The turnover thresholds (referring to the last full business year) are triggered if:
- the combined worldwide turnover of all undertakings concerned exceeded €500 million;
- one undertaking concerned had a turnover exceeding €25 million within Germany; and
- at least one further undertaking concerned had a turnover in Germany exceeding €5 million.
The alternative thresholds (taking into account transaction value) are triggered if:
- the combined worldwide turnover of all undertakings concerned exceeds €500 million;
- one undertaking concerned had a turnover exceeding €25 million within Germany, but neither the target nor any other undertaking concerned had turnover of more than €5 within Germany;
- the transaction value exceeds €400 million; and
- the target has significant activities in Germany.
The ‘undertakings concerned’ are always the acquirer and the target. However, if another party either (solely or jointly) controls or holds an interest of at least 25% in the target, its turnover must also be taken into account. The turnover figures of each undertaking concerned must include the net turnover generated by its group (excluding intra-group turnover) in the full financial year preceding the transaction. This includes 100% of the turnover of jointly controlled companies. If necessary, adjustments should be made in order to include the turnover of acquired companies or deduct the turnover of divested companies. Geographically, turnover should be allocated to Germany if products are sold or services are provided to customers in Germany. An exception to this rule is banking or financial income, which should be allocated to Germany if it is received by the branch or division of a credit or financial institution established in Germany. There are specific rules for the calculation of the turnover of certain companies, including media companies, insurance companies and credit and financial institutions. In particular, eight times the amount of the turnover achieved by certain media companies (active in the area of newspapers, magazines, radio and television) must be taken into account.
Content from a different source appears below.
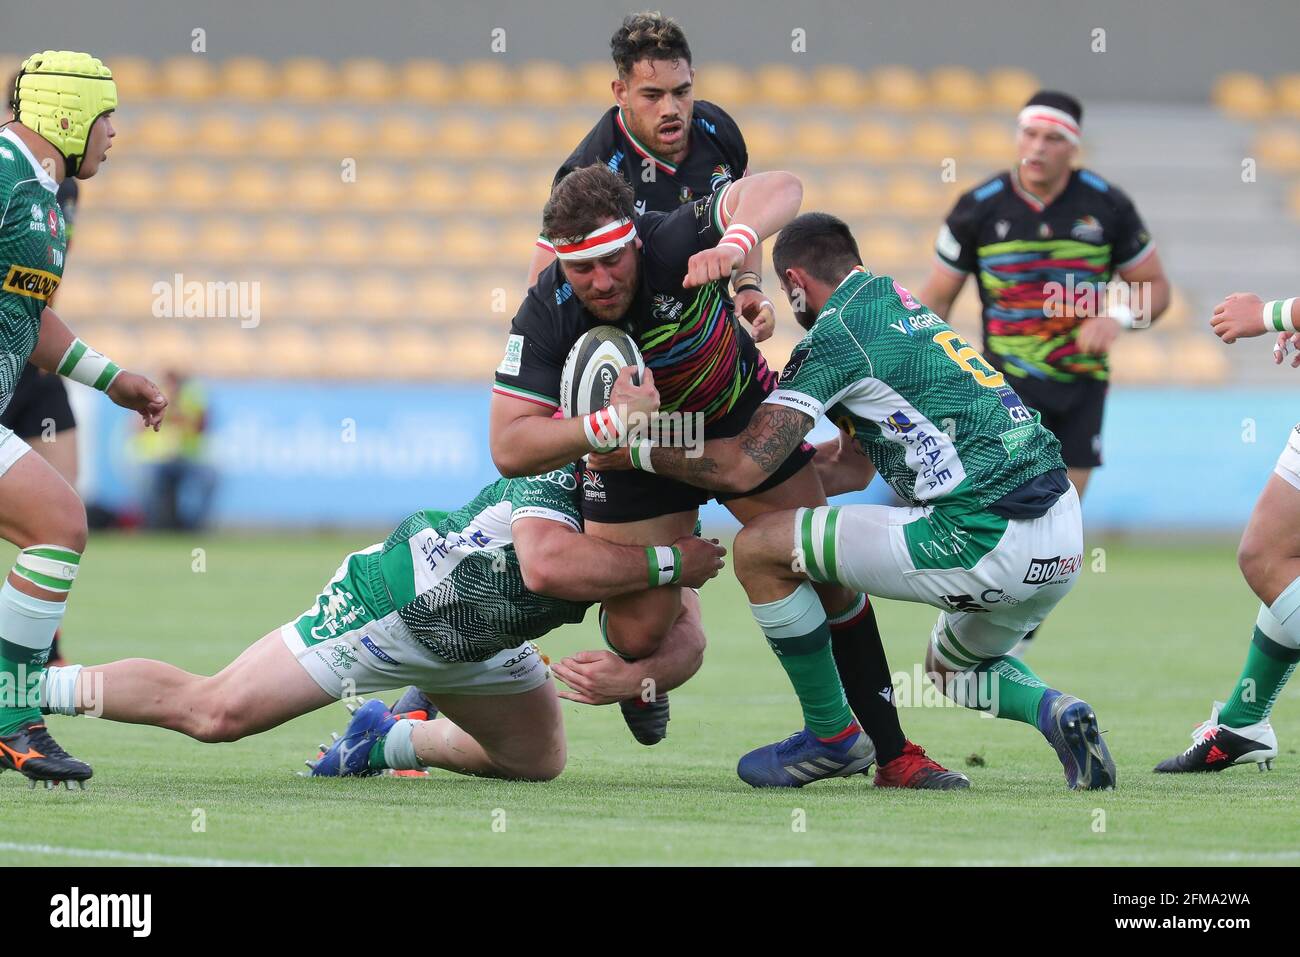 Parma, Italy. 07th May, 2021. Sergio Lanfranchi stadium, Parma, Italy, 07  May 2021, Eduardo Bello (Zebre rugby) is tackled by Riccardo Favretto and  Federico Ruzza (Benetton rugby) during Rainbow Cup - Benetton

If two or more transactions are effected between identical acquirers and sellers (including their respective affiliates) within a period of two years, they shall be treated as a single transaction if, as a result, the above thresholds are met for the first time. Further, several transactions may be regarded as a single transaction if they are interrelated.
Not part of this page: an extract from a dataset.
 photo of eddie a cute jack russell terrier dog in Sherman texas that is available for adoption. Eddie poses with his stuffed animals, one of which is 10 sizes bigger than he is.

‘Transaction value’ includes (but is not limited to) cash, securities, company shares not traded as securities, other assets (eg, real estate, tangible assets, current assets), intangible assets (eg, licences, usage rights, rights to a company name and trademark rights), liabilities assumed and consideration for non-competition. In addition, parties must take into account future and variable purchase price components (eg, earn-outs). ‘Significant activities in Germany’ are activities that do not yet account for significant turnover, but indicate a significant competitive potential. The FCO has published a guidance paper, entitled “Guidance on Transaction Value Thresholds for Mandatory Pre-merger Notification”, that provides further details on both concepts.